[Task prompt]
With the line containing "Pierneef S Kraal" as the start and the line containing "c1905s City Hall" as the end, transcribe that span of the entries below exactly, including both.

[Input data]
•••••

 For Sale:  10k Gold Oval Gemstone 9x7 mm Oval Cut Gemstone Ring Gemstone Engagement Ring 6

•••••

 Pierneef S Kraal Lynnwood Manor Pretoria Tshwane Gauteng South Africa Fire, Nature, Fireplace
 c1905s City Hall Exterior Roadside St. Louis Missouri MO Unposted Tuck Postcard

•••••

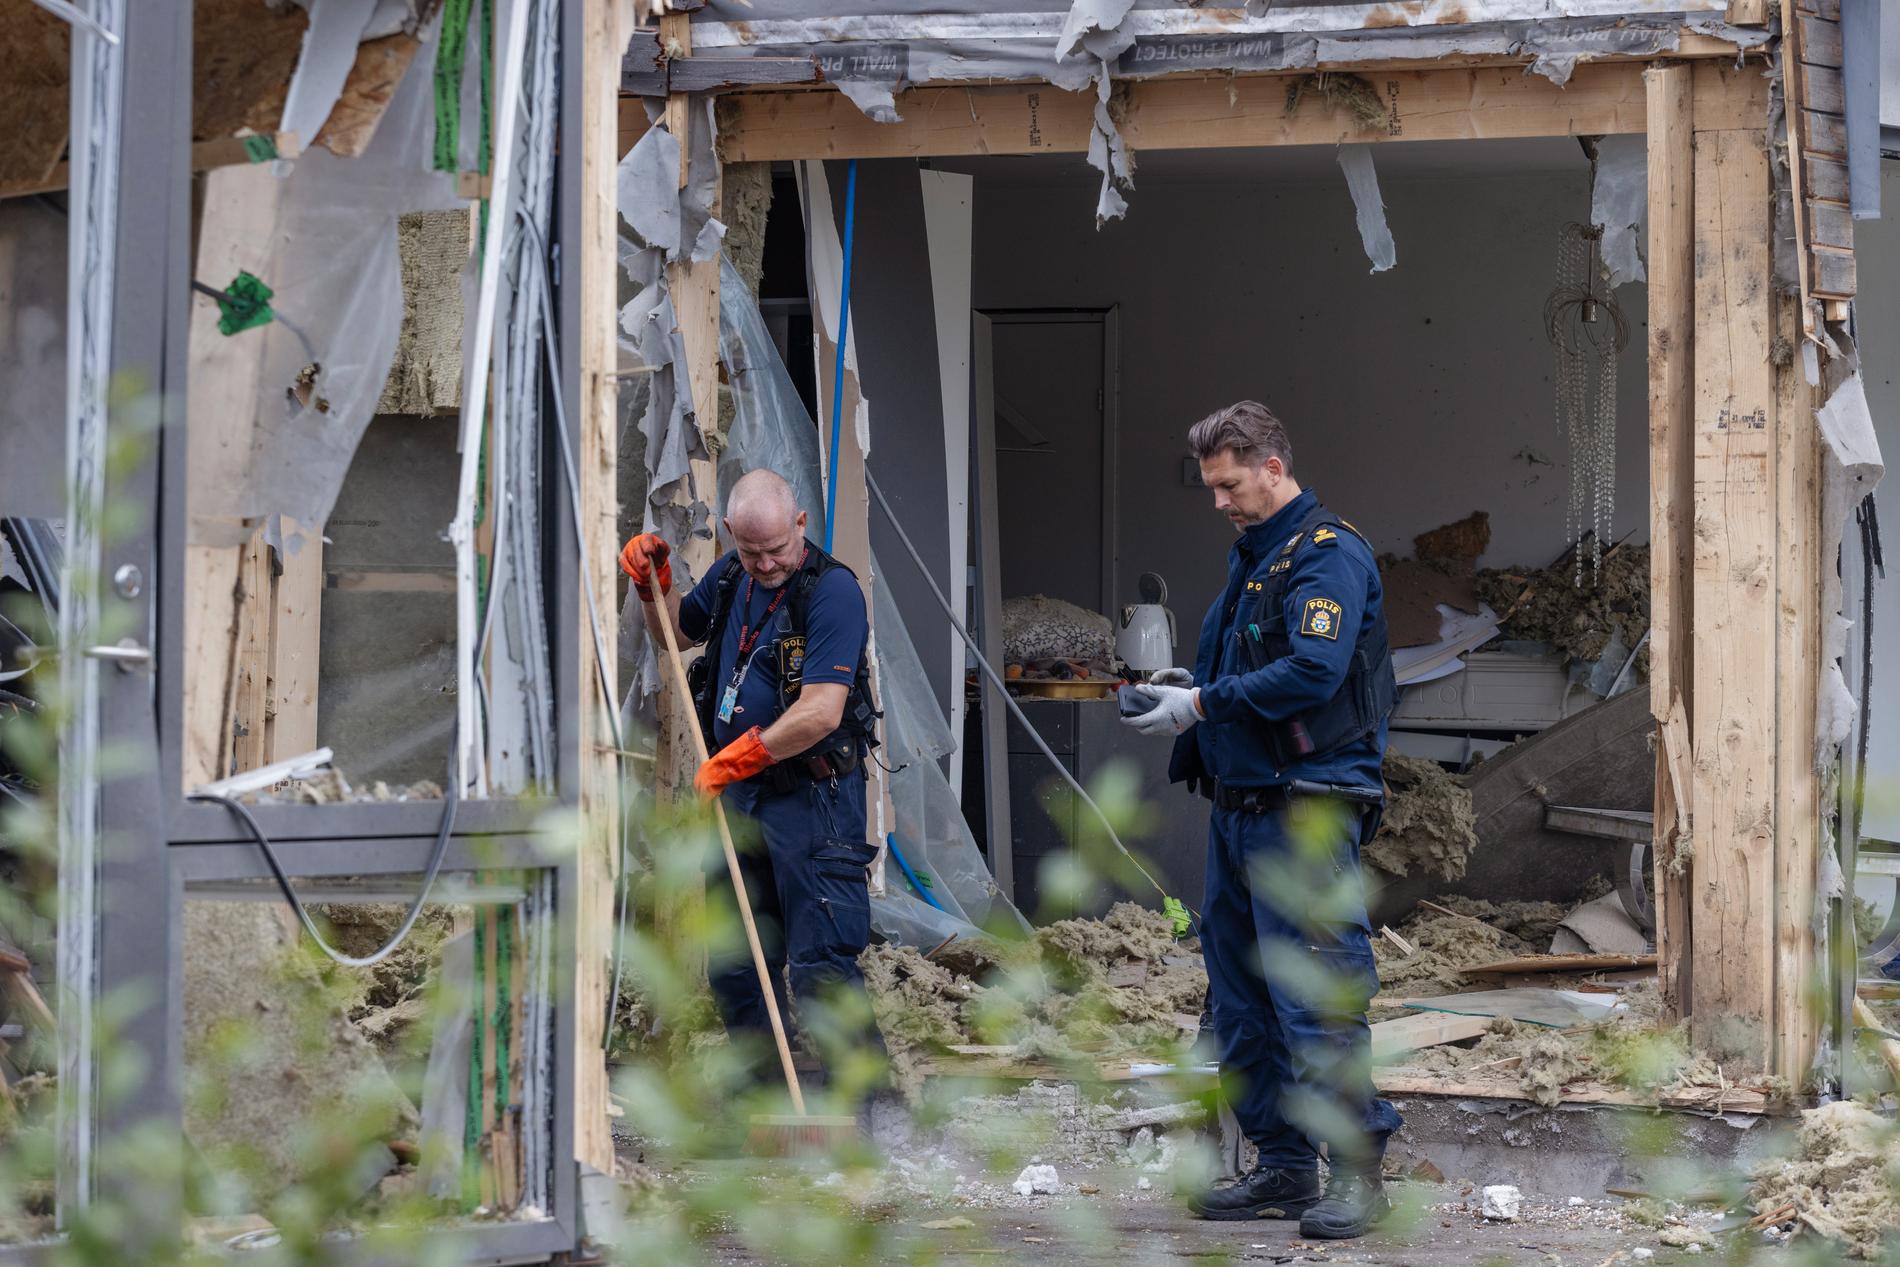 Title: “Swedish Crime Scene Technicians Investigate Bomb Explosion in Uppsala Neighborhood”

•••••

[Answer box]
 Pierneef S Kraal Lynnwood Manor Pretoria Tshwane Gauteng South Africa Fire, Nature, Fireplace
 c1905s City Hall Exterior Roadside St. Louis Missouri MO Unposted Tuck Postcard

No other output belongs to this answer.